DiegoM said on
A study carried out in Canada says that married couples felt supported against stress from work pressure as well as enjoying help with looking after children or aging parents. It helps if the couples saw their partner as their 'best friend'. There's a lot of stress in middle age. Having someone to talk to about it and having support in difficult times can help explain why it's easier for people with a partner. But there are people who are ``single at heart´´ and for them it is better to be alone.
manofhouse said on
Depends on the person. Some people enjoy having someone beside them to share the joys in life and provide support through the troubles as DiegoM mentioned. Being married does come with obligations and duties, but for the happily married, they understand this and feel that they get more benefits than risks. People who enjoy singlehood usually do because of the individual freedom they have in making decisions.
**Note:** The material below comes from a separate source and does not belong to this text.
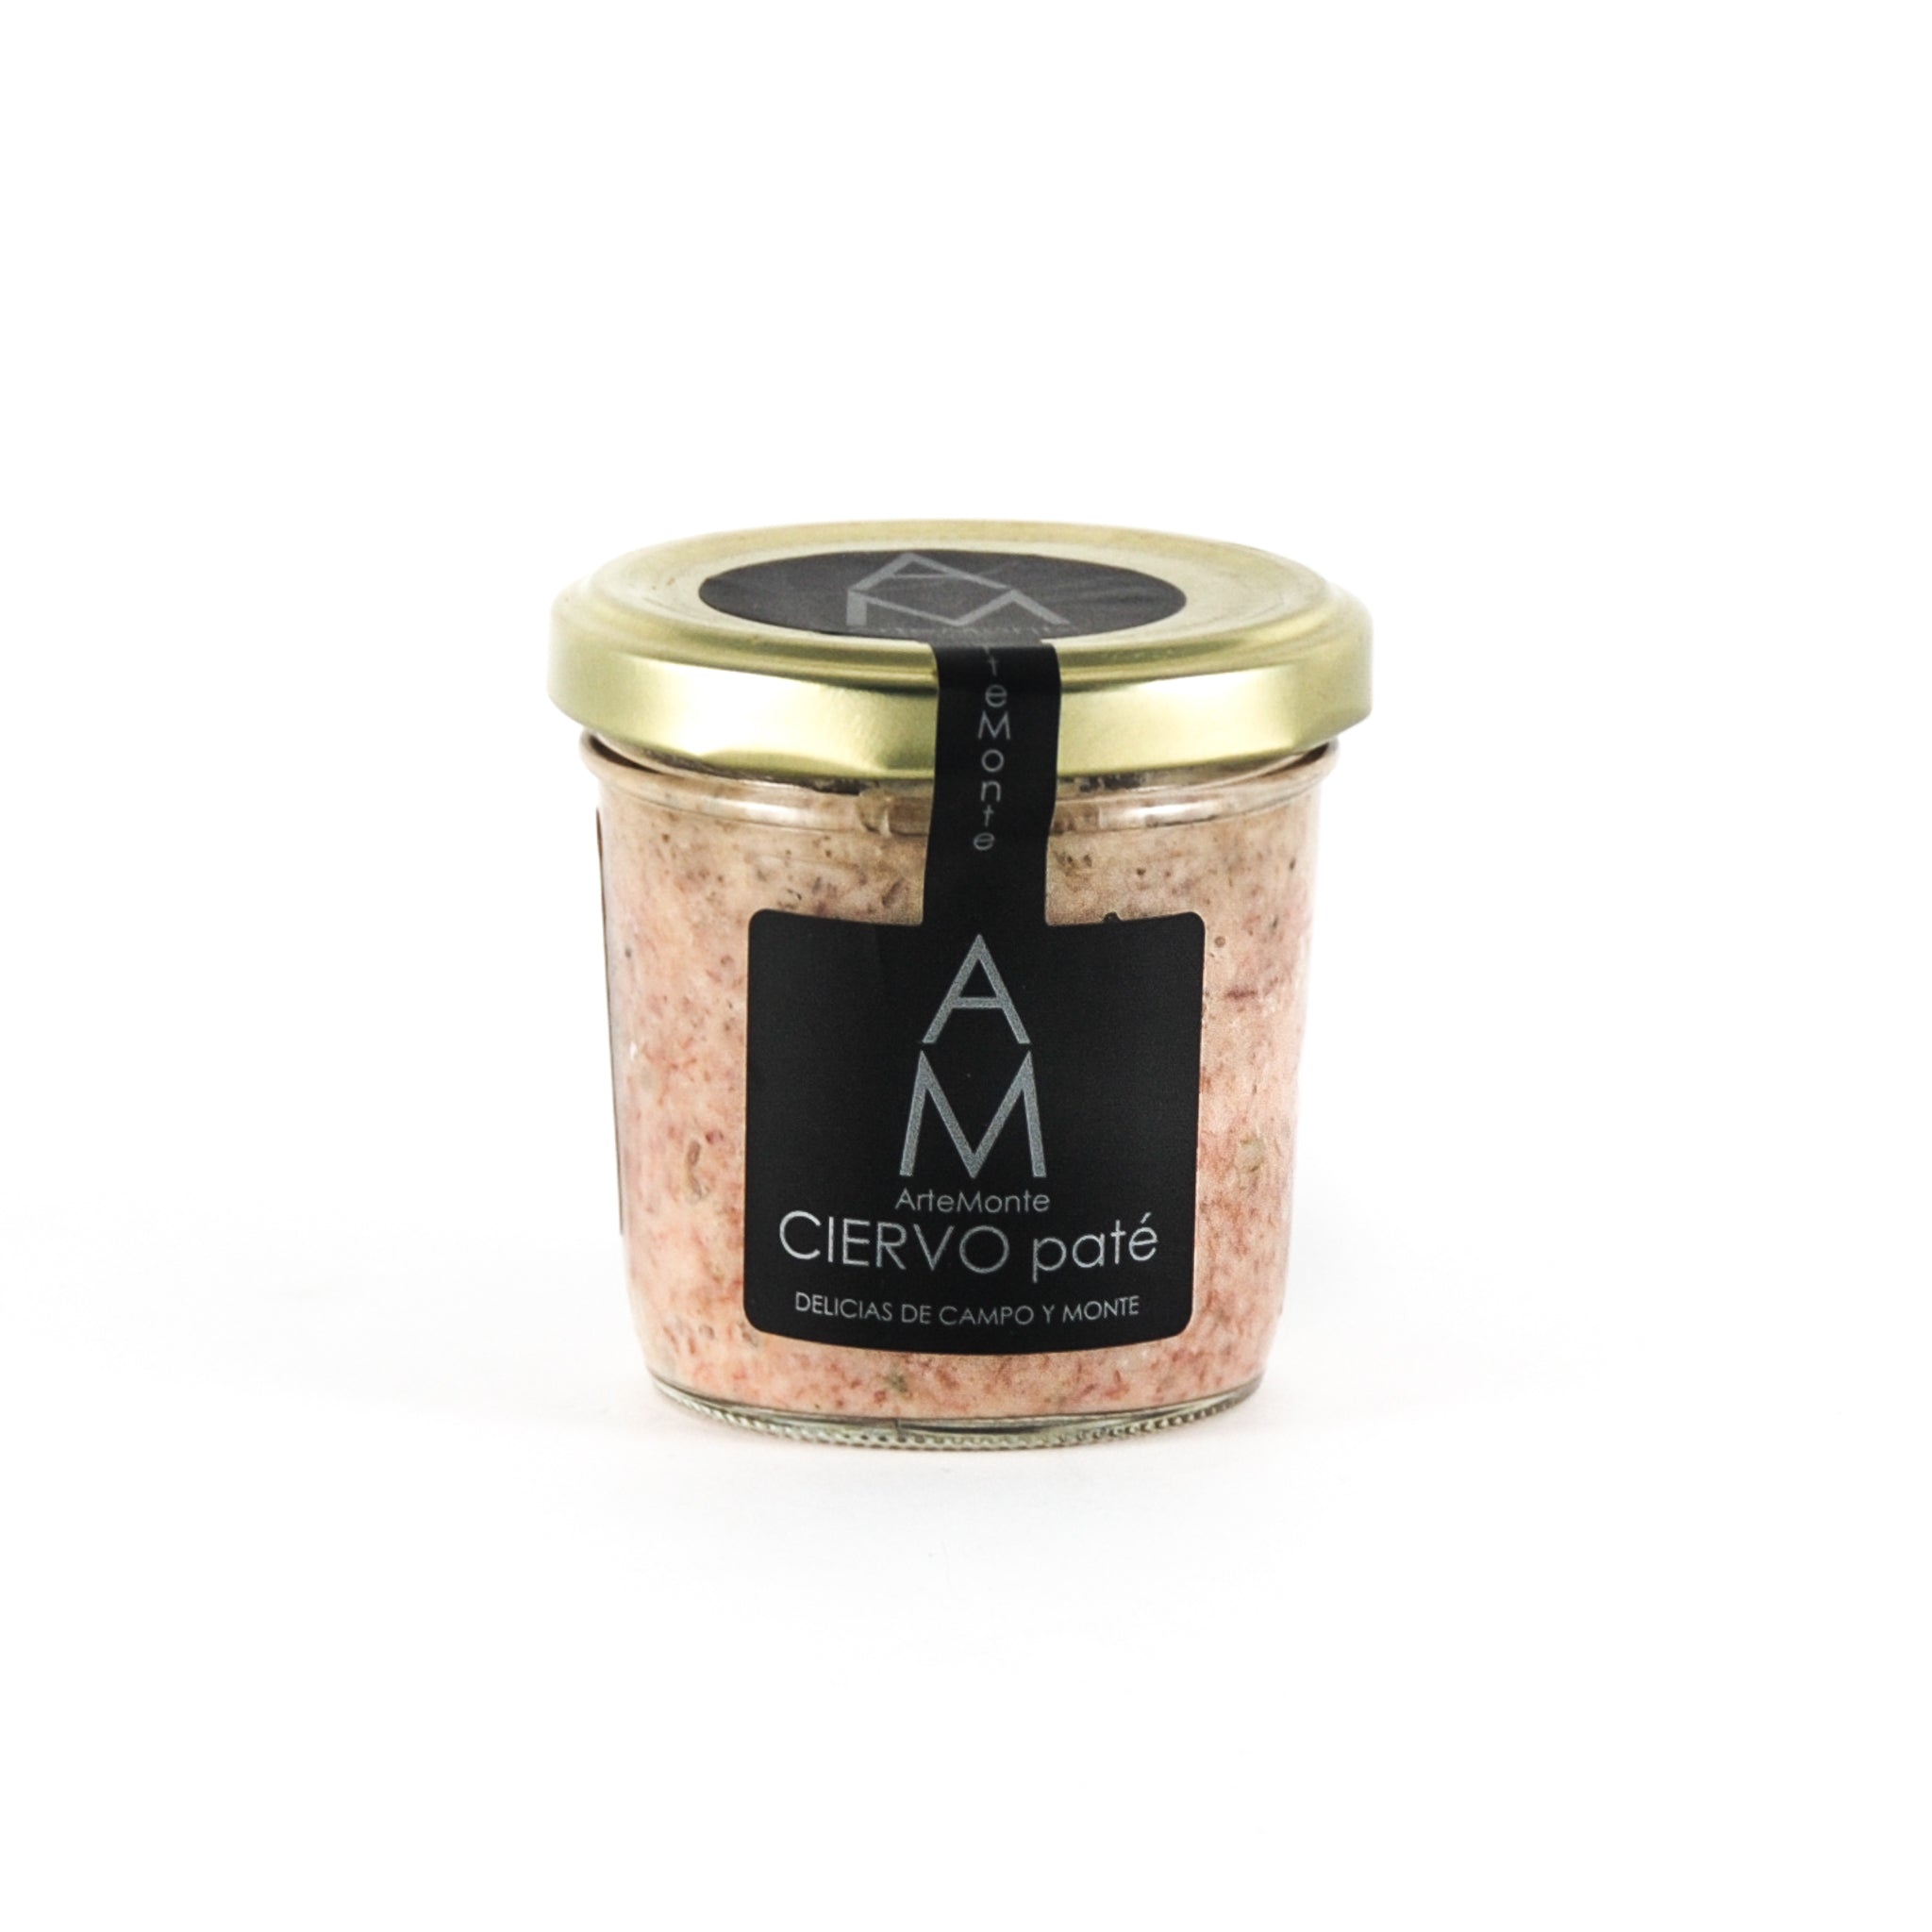 ArteMonte Venison Pate 100g Ingredients Cured Meat & Pate Spanish Food

They are also able to focus more on their individual goals, but that is not to say that married people cannot work towards their individual goals as well.
angelicarose said on
When I was single, I always felt sad and unloved. I hated being single even though I had been one all my life before I met my husband. Granted, I had a little more freedom and choice in what I wanted to do and I didn't have to report my actions and decisions to anyone, but I would not trade what I have now with the world. I have companionship, a best friend, a capable husband and most of all, free hugs all day everyday. I think being married rocks!
CERVANTES said on
Happiness is one of those things that’s hard to measure because it’s so subjective. It also is a feeling that can be elusive whether you’re in a relationship or not. It might be better to strive for contentedness than happiness, because it’s easier to sustain over a long period. When we talk about contentedness, it’s important to realize that this quality doesn’t come from the outside. Sure, life’s situations may cause us to feel happy or sad from day to day, but if we are happy with our lives and the choices we’ve made, we’ll feel a deep contentedness that is far more gratifying.
LANE64 said on
There are certainly happy single people and also happy married people, so it is not usually accurate to generalize. Happiness depends to a large extent on the person themselves. If you are looking to another person to make you happy, then you are setting yourself up to be disappointed and hurt. If you work on your own wellbeing and fulfillment, then you will be a happier person who is able to give something of value freely to others without demanding in return. If both partners go into a marriage with this attitude, to give rather than to receive, then it can be a very happy relationship.